This module's default behaviour is to create a VPC and then create one private and one public subnet per availability zone in the VPC's region. In Frankfurt 6 subnets would be created as there are 3 availability zones.
module vpc-network
{
source = "devops4me/vpc-network/aws"
version = "~> 1.0.3"
in_vpc_cidr = "10.245.0.0/16"
in_num_private_subnets = 6
in_num_public_subnets = 3
}
The most common use case is to specify the VPC Cidr, the number of public and private subnets.
You can run the example to see this module create a number of VPCs with varying attributes such as the number of private/public subnets.

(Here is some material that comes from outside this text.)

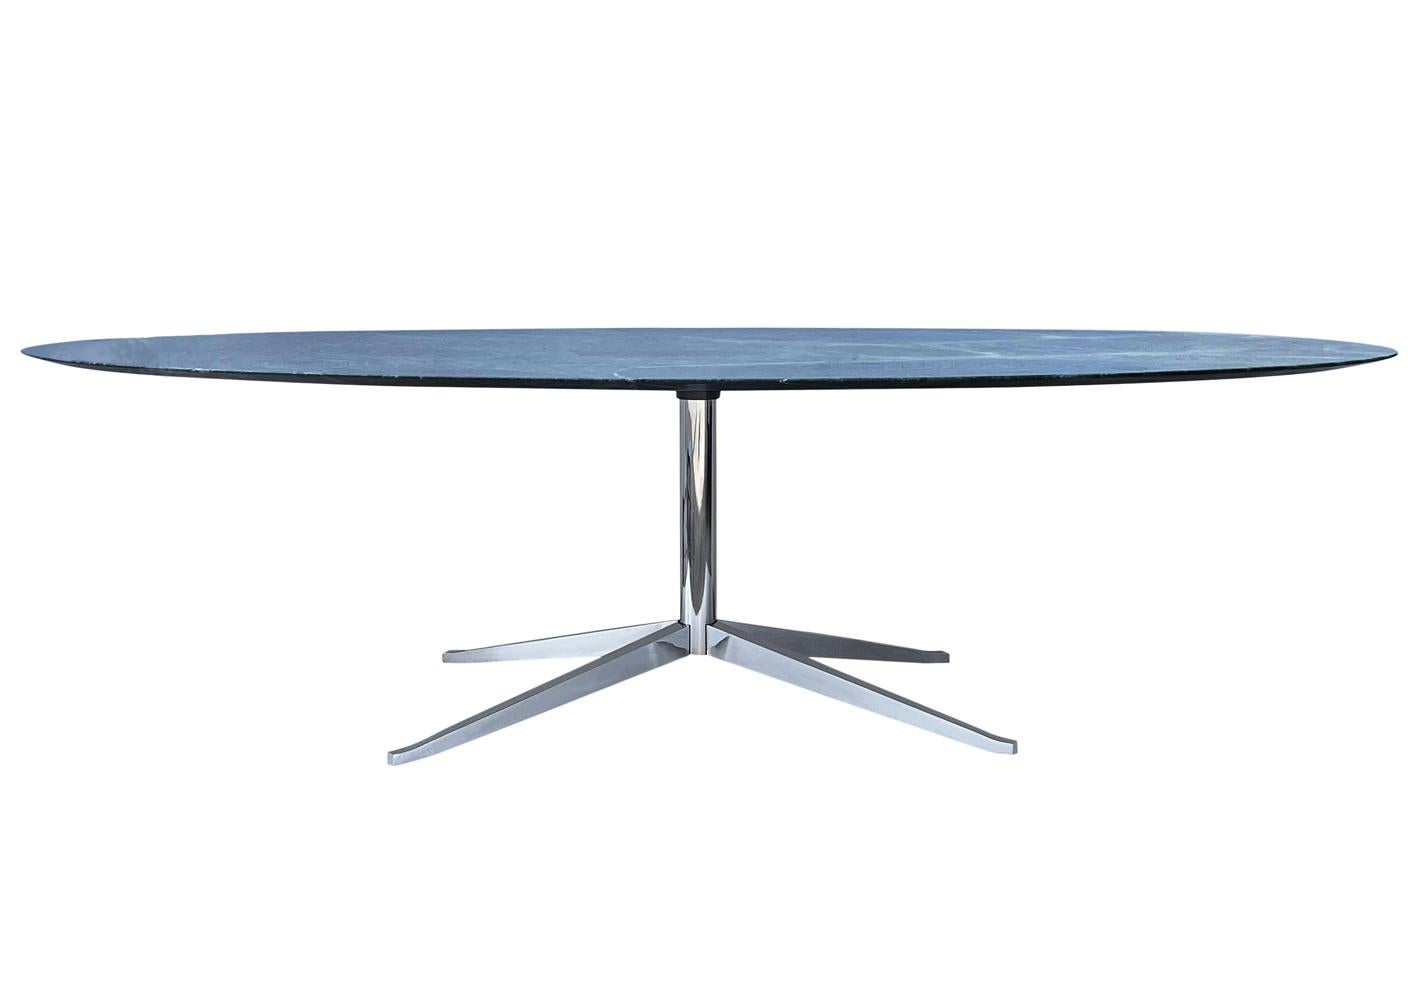 An elegant executive table designed by Florence Knoll and produced by Knoll. It features a beautiful high gloss Verde Green marble top and a chrome-plated star base. This was one of the most expensive marble options for this table. Signed twice with

Input Variable | Type | Description | Default |
---|---|---|---|
in_vpc_cidr |
string | The VPC's Cidr defining the range of available IP addresses | 10.42.0.0/16 |
in_num_private_subnets |
number | Number of private subnets to create across availability zones | 3 |
in_num_public_subnets |
number | Number of public subnets to create across availability zones. If one or more an internet gateway and route to the internet will be created regardless of the value of the in_create_gateway boolean variable. | 3 |
in_create_public_gateway |
bool | if true create an internet gateway and routes so services can access the internet. | true |
in_create_private_gateway |
bool | if true creates a NAT gateway and private routes for egress access from private subnets. | true |
in_subnets_max |
number | 2 to the power of this is the max number of carvable subnets So 24 = 16 subnets | 4 |
Most organisations have a mandatory set of tags that must be placed on AWS resources for cost and billing reports. Typically they denote owners and specify whether environments are prod or non-prod.
Input Variable | Variable Description | Input Example |
---|---|---|
in_ecosystem |
the ecosystem (environment) name these resources belong to | my-app-test or kubernetes-cluster |
in_timestamp |
the timestamp in resource names helps you identify which environment instance resources belong to | 1911021435 as $(date +%y%m%d%H%M%S) |
in_description |
a human readable description usually stating who is creating the resource and when and where | "was created by $USER@$HOSTNAME on $(date)." |
Try echo $(date +%y%m%d%H%M%S)
to check your timestamp and echo "was created by $USER@$HOSTNAME on $(date)."
to check your description. Here is how you can send these values to terraform.
$ export TF_VAR_in_timestamp=$(date +%y%m%d%H%M%S)
$ export TF_VAR_in_description="was created by $USER@$HOSTNAME on $(date)."
You can create more or less subnets than there are availability zones in the VPC's region. You can ask for 6 private subnets in a 3 availability zone region. The subnets are distributed into the availability zones like dealing a deck of cards.
Every permutation of subnets and availability zones is catered for so you can demand
- less subnets than availability zones (so some won't get any)
- a subnet count that is an exact multiple of the zone count (equality reigns)
- that no subnets (public and/or private) get created
- nothing - and each availability zone will get one public and one private subnet
This module senses whether you wish to create an internet gateway (in) and a route (out) to the internet.
If in_num_public_subnets is greater than zero it automatically creates an internet gateway and a route along with the public subnets. This behaviour can be switched off by setting in_ignore_public to true.
Here are the most popular output variables exported from this VPC and subnet creating module.
Exported | Type | Example | Comment |
---|---|---|---|
out_vpc_id |
String | vpc-1234567890 | the VPC id of the just-created VPC |
out_rtb_id |
String | "rtb-2468013579" | ID of the VPC's default route table |
out_subnet_ids |
List of Strings | [ "subnet-545123498798345", "subnet-83507325124987" ] | list of all private and public subnet ids |
out_private_subnet_ids |
List of Strings | [ "subnet-545123498798345", "subnet-83507325124987" ] | list of private subnet ids |
out_public_subnet_ids |
List of Strings | [ "subnet-945873408204034", "subnet-8940202943031" ] | list of public subnet ids |
This module houses your infrastructure within a secure VPC and it creates the networking resources for routing traffic to your services and conversely enabling your services to access the internet. This module creates
- a VPC (virtual private cloud)
- subnets within the VPC across one or more availability zones
- an internet gateway unless
in_num_public_subnets
is zero - an elastic IP address unless
in_num_public_subnets
is zero - a nat gateway attached to public subnets for routing outgoing traffic
- route tables along with the necessary public and private routes
- associations that bind subnets to route tables
The subnets are dished out across availability zones in a round robin fashion. You can request less, the same or more (private/public) subnets than there are availability zones.